The best part is how he conveniently omits the fact that US uses Cellibrite as well https://appleinsider.com/articles/20/12/11/cellebrite-and-other-iphone-hacking-tools-purchased-by-us-public-schools
They also hadn’t updated their public codebase in over a year, until they received so much backlash over it that they had to do so. They are def not to be trusted.
yeah I find Signal to be very sus
I feel like most of the “pro-privacy” options are honeypots designed to catch the kind of people who’d use pro-privacy options
The rabbit hole goes pretty deep, but heres where a lot of it starts.
Yeah, I think that if you really want something really private you pretty much have to host your own. This is why I like stuff like Matrix where anybody can run their own server and control who has access to it.

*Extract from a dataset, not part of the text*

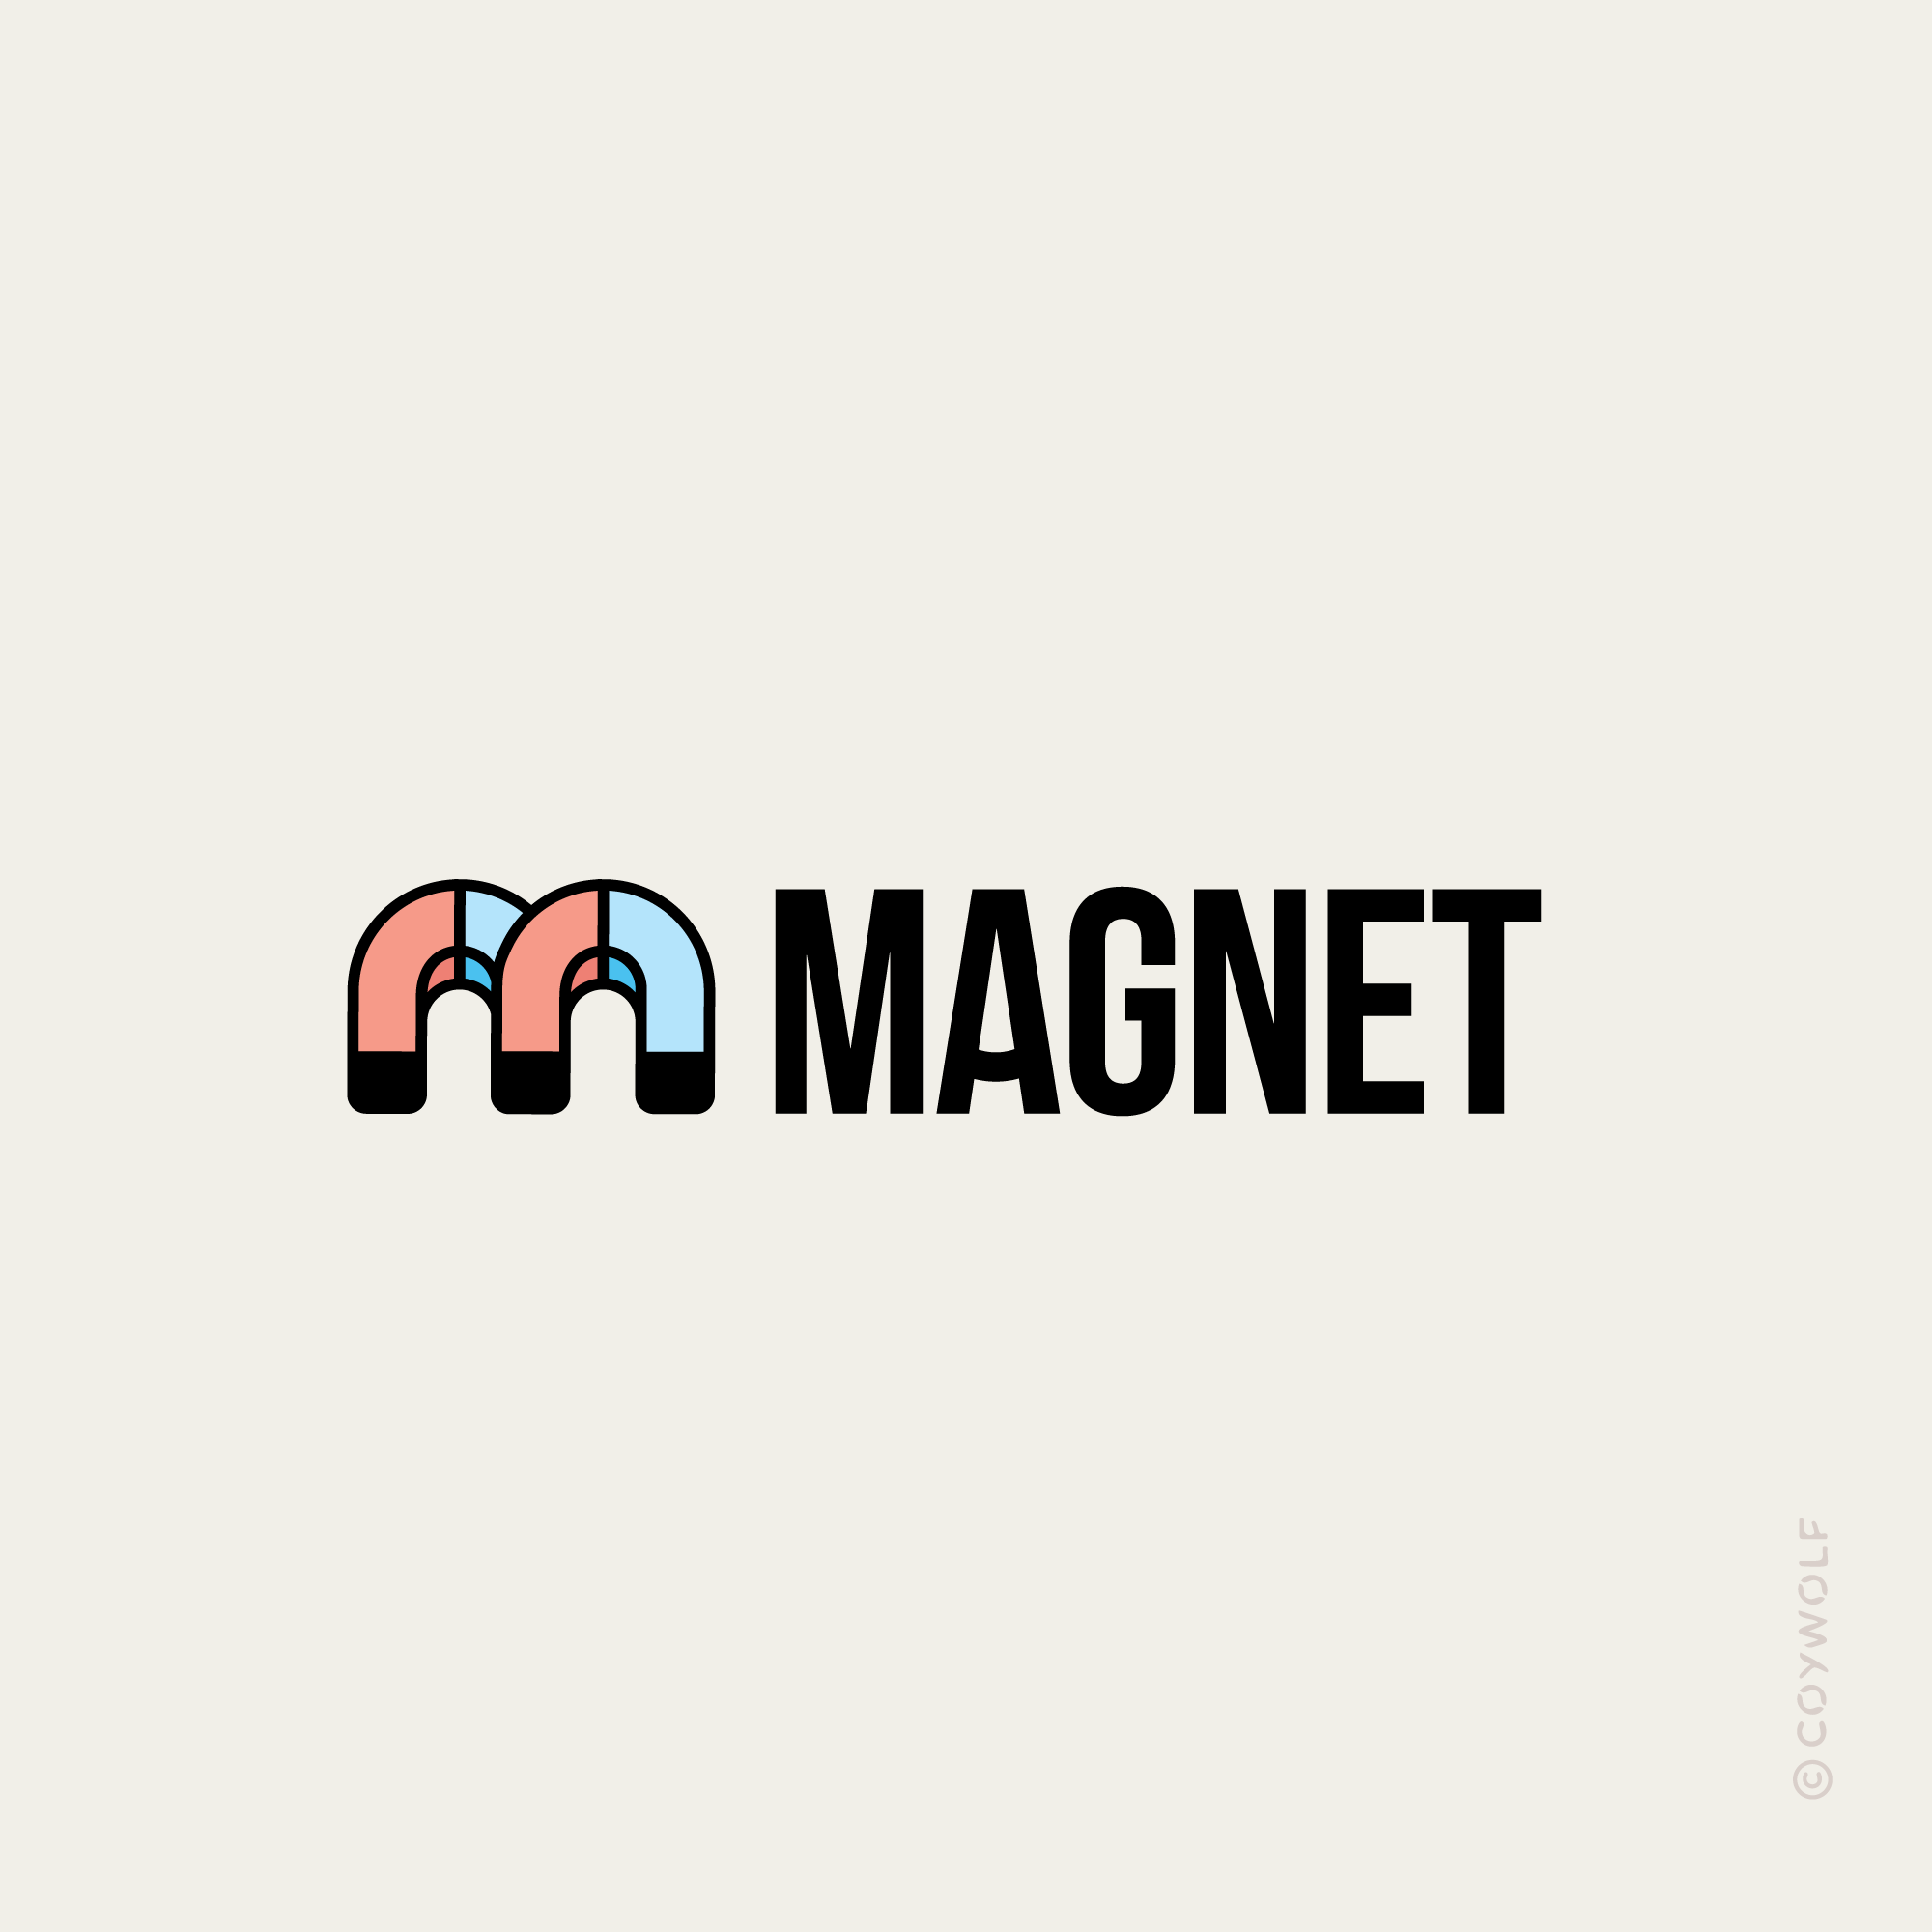 Magnet Logo Vector Art, Icons, and Graphics for Free Download

Well, he does say “and elsewhere.” 😉
those less known countries :)
liberalism is making excuses with a winky face
What is this saying, exactly?
Its the main dev of signal, moxie, who’s an anarcho imperialist, criticizing another security company for not solely working for the US gov like he does.
I didn’t know he does work with the US government. Sounds scary. Is he implementing backdoors or something like that?
Considering he lists two US allies, Turkey and the UAE, in his list of bad countries he seems to be a bit of a useful idiot.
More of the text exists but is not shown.